Nuovo Dpcm: Italia in zona rossa nelle festività. Permesse le visite ai parenti

Confermate dal premier Conte, nella conferenza stampa in diretta, le indiscrezioni trapelate nelle ultime ore. Tutte le misure adottate


NAZIONALE – “Il virus si lascia piegare ma non sconfiggere, è per questo che i nostri esperti hanno paura di un aumento dei contagi. Dobbiamo intervenire per rafforzare le misure necessarie, in vista della ripresa più generale delle attività, prevista per gennaio” – parte da questa premessa, nella conferenza stampa in diretta di questa sera, il presidente del consiglio, Giuseppe Conte, prima di annunciare ufficialmente tutti i provvedimenti in corso. Dpcm. L’Italia sarà dunque in zona rossa, nei giorni festivi, dal 24 dicembre al 6 gennaio, mentre sarà arancione nei giorni feriali. Dal 21, però, saranno già vietati gli spostamenti tra regioni. Quindi 24, 25, 26 e 27 dicembre saranno colorati di rosso, poi 28, 29 e 30 dicembre saranno arancioni. E ancora l’Italia tornerà ad essere zona rossa il 31 dicembre, 1, 2 e 3 gennaio, poi il 4 gennaio sarà arancione e infine il 5 e il 6 gennaio il Paese tornerà ad essere nuovamente rosso. C’è la deroga per invitare due persone non conviventi a casa propria, con i minori di 14 anni che sono esclusi dal conteggio. Durante il periodo delle festività ci sarà anche la possibilità, per chi abita in un piccolo Comune sotto i 5mila abitanti, di spostarsi entro un raggio di 30 chilometri, ma senza andare nei capoluoghi di Regione. Viene risolta così la lunga polemica sul rischio di rimanere bloccati e soli nei piccoli Comuni.

Il Premier ha anche annunciato un nuovo decreto ristori per ristoranti e bar chiusi nelle feste che servirà, da gennaio in poi, per poter compensare le perdite.
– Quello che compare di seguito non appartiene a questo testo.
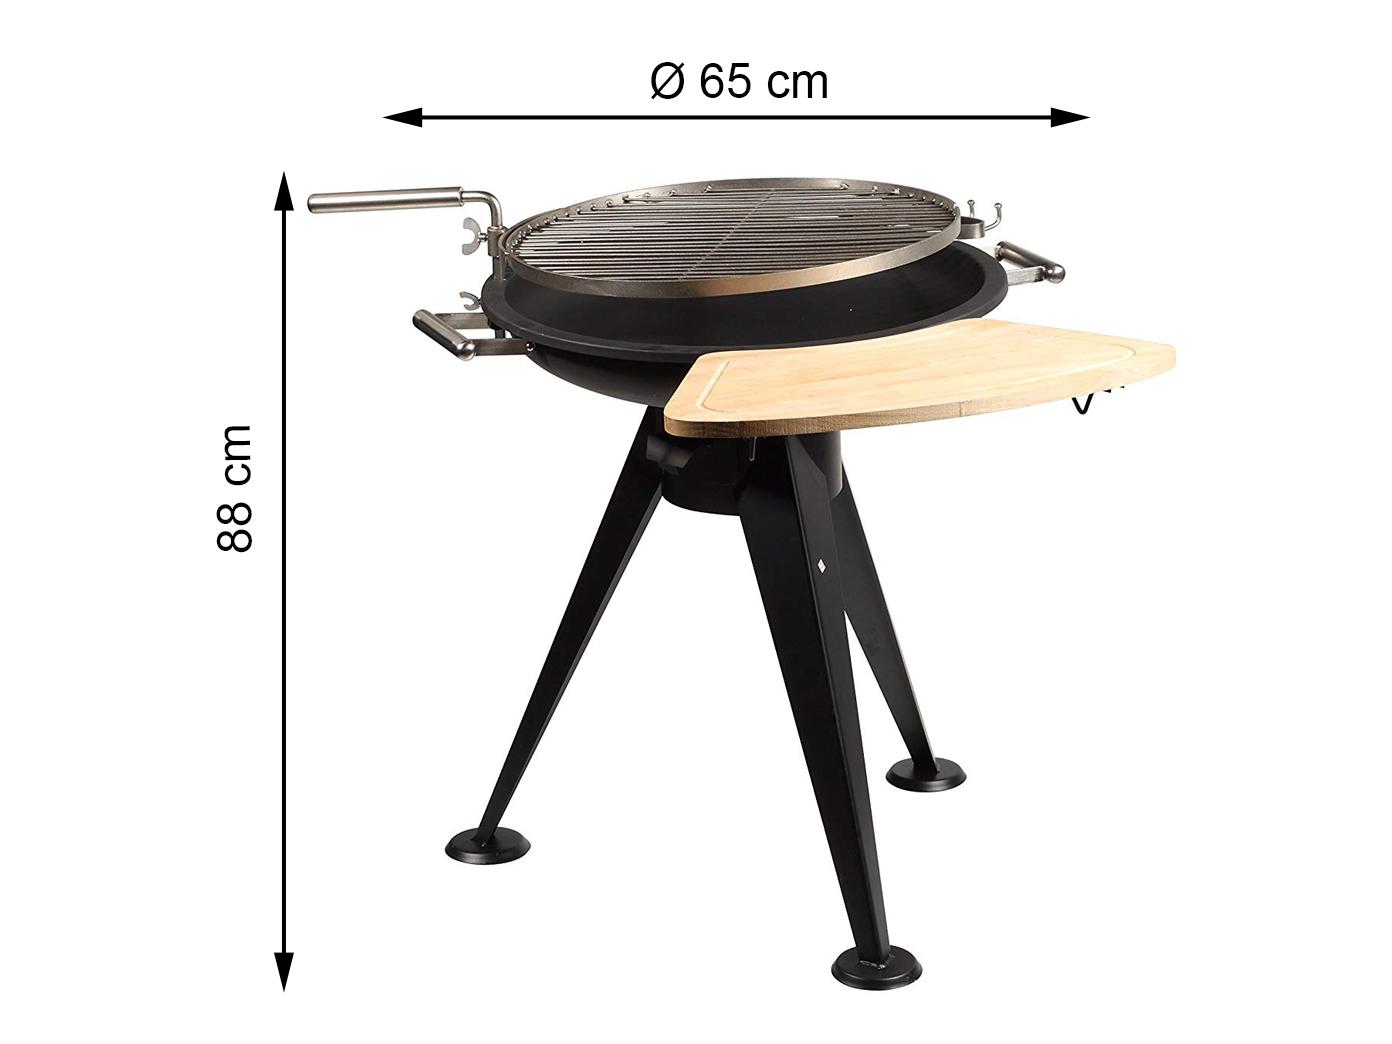 Rauchfreier Holzkohlegrill Im Test : Grill kaufen test vergleich grill kaufen günstig kaufen
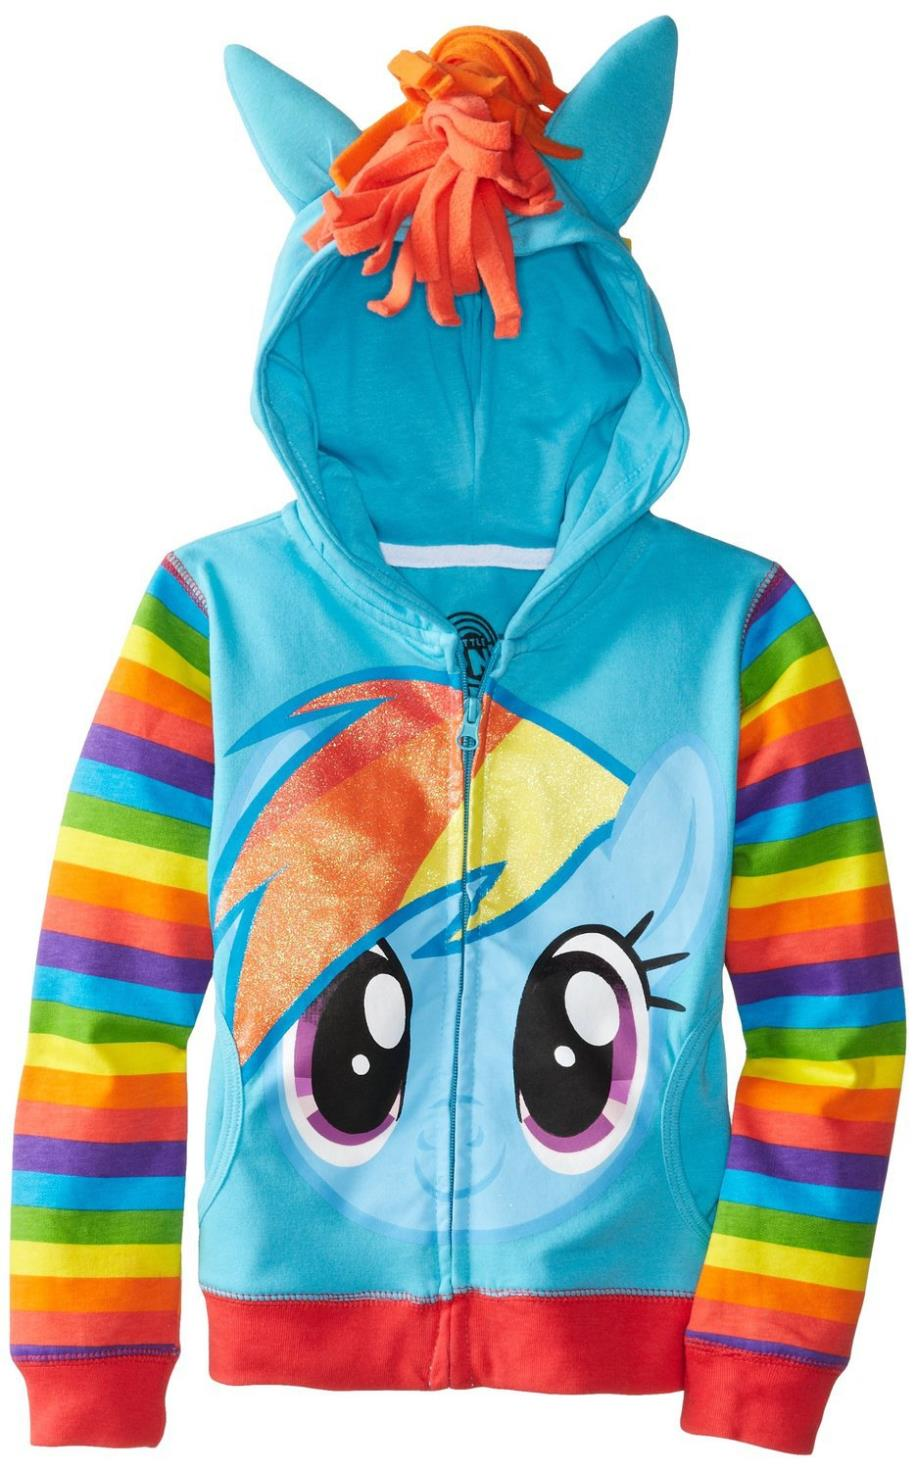 2-10y-My-Girls-Jacket-Little-Pony-Clothes-Cute-Childrens-Coat-Cartoon-Hoodies-Sweatshirts100-Cotton-Children-Baby-Clothing-3

ECCO DUNQUE LE MISURE PREVISTE DURANTE LE FESTIVITA’:

Dal 24 al 27 dicembre, dal 31 al 3 gennaio e infine il 5 e il 6 gennaio, l’Italia sarà totalmente in zona rossa. Queste le misure restrittive previste nel nuovo Dpcm:

Gli spostamenti in zona rossa:

Vietato ogni spostamento, anche all’interno del proprio Comune, tranne che per comprovate esigenze lavorative o di salute. No anche agli spostamenti tra Regioni e da un Comune all’altro. Saranno previste delle deroghe riguardo alle visite ai congiunti. Sarà consentito a un massimo di 2 conviventi di effettuare visite «entro i confini regionali» ai congiunti stretti nelle abitazioni private. Nel computo delle due persone non rientrano gli under 14 e le persone disabili o non autosufficienti. Sarà permessa una sola visita al giorno, tra le 5 e le 22, dunque fuori dagli orari di coprifuoco.

Il pranzo di Natale

La deroga appena descritta riguarderà milioni di italiani soprattutto in occasione del pranzo di Natale. Sulla base di quanto disposto dal governo, per esempio, un nucleo familiare composto dai genitori e due figli potrà invitare a casa i nonni. Al contrario, la famiglia di quattro persone potrà recarsi dai nonni solo nel caso in cui i figli siano under 14. La deroga, è bene sottolinearlo, riguarda lo spostamento, dunque il numero di persone che si muovono per raggiungere l’abitazione dei parenti, non quello delle persone presenti allo stesso tempo in casa.

I bar e i ristoranti

Rimarranno chiusi 7 giorni su 7, con servizio d’asporto consentito fino alle ore 22 e regolare possibilità di consegna a domicilio.

Le attività commerciali

Chiusi tutti i negozi (centri estetici compresi) tranne edicole, tabaccherie, farmacie, parrucchieri e barbieri e lavanderie oltre ai negozi di generi alimentari di prima necessità.

I luoghi culturali

Chiusura totale anche per mostre, esposizioni, spettacoli a teatro, cinema, sale da ballo.

Lo sport

Chiusi centri sportivi e palestre.

I trasporti

Riduzione fino al 50% per i mezzi pubblici.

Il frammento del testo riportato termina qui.